So I don't think this is a JIT specific issue for several reasons. - The number I'm seeing on Windows is way too slow, even without JIT - Remember that Lua (official PUC-Rio) has no JIT at all. (That is one reason I included Lua as a reference point.) - I didn't do a full suite, but I did some spot checks with LuaJIT about a year ago. (Lua 5.3 was still in alpha so it's changed a little bit since then and probably better today.) iMac 3.2GHz Intel Core i3 (OS X 10.9.2) @60fps (some variance, hard to reproduce sometimes due to background processes, etc) C - 16000 sprites Lua 5.3w1 - 5400 sprites JavaScriptCore - 3300 sprites LuaJIT - 9000 sprites On an Intel 3570k (i5) with HD 4000 (3.4GHz): SteamOS (beta from a year ago): C - 5700 sprites Lua 5.3w1 - 2700 sprites JavaScriptCore - 3200 sprites LuaJIT - 3600 sprites Notice that LuaJIT performance really climbs up. I did not do any LuaJIT specific optimizations. Also notice the SteamOS benchmark where JavaScriptCore beats regular Lua. This is not happening on Mac so it got me thinking that JavaScriptCore on Mac does not enable JIT for Mac Apps. - Here is an old benchmark I did on an iPad Mini 1st gen. iPad mini (1st gen, iOS 7.1) @60fps C - 750 sprites Lua 400 sprites (double/long long) and 430 for float/int JavaScriptCore 200 sprites LuJIT 430 sprites I know iOS doesn't enable JIT for JavaScriptCore. JIT also must be disabled on LuaJIT for iOS so it returns to regular Lua-like performance. But notice that JavaScriptCore on a 1st gen iPad mini with no JIT is still beating Windows desktop. So I expect JavaScriptCore, even without JIT to do a lot better than I see on Windows. P.S. You said JIT should be compiled in by default. What are the compiler flags to look for? I'm compiling Android by hand and I don't know how to verify if JIT is on or not. My Android numbers are slightly better than iOS, but I think that's because my Android hardware is better than my iOS hardware and not because of JIT.
ewmailing
Comment 11
2015-06-30 10:21:31 PDT
Created
attachment 255828
[details]
screen capture of Visual Studio profilers I am not knowledgable on how to use the Visual Studio profiler at all. The profile shows that the JavaScript binding to SDL is where most of the time is spent. But this is totally expected. The question is why is Windows 100 times slower overall? The language bindings are exactly the same for all platforms... public JavaScriptCore C API.
peavo
Comment 12
2015-06-30 10:47:08 PDT
(In reply to
comment #10
)
> (In reply to
comment #4
) > > P.S. You said JIT should be compiled in by default. What are the compiler > flags to look for? I'm compiling Android by hand and I don't know how to > verify if JIT is on or not. My Android numbers are slightly better than iOS, > but I think that's because my Android hardware is better than my iOS > hardware and not because of JIT.

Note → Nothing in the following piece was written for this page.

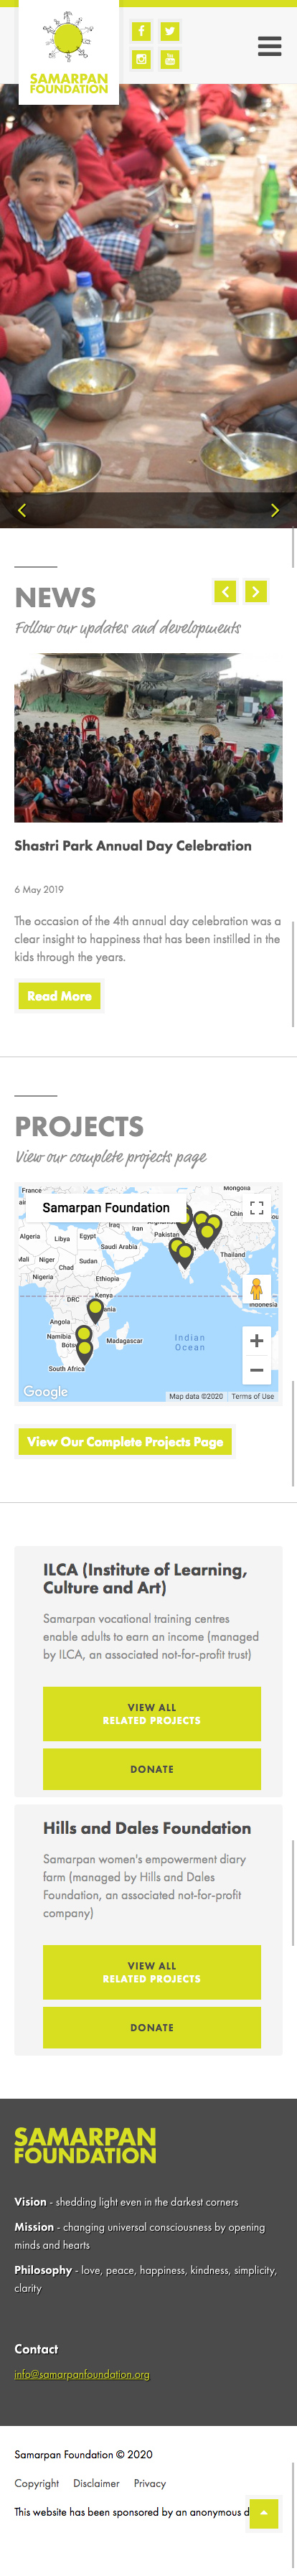 Samarpan Foundation Website

ENABLE_JIT in WTF/Platform.h. Also ENABLE_CONCURRENT_JIT (in WTF/Platform.h) is not enabled on Windows, I don't know if that can have any impact on your tests.
peavo
Comment 13
2015-06-30 10:49:18 PDT
(In reply to
comment #11
)
> Created
attachment 255828
[details]
> screen capture of Visual Studio profilers > > I am not knowledgable on how to use the Visual Studio profiler at all. > The profile shows that the JavaScript binding to SDL is where most of the > time is spent. But this is totally expected. The question is why is Windows > 100 times slower overall? The language bindings are exactly the same for all > platforms... public JavaScriptCore C API.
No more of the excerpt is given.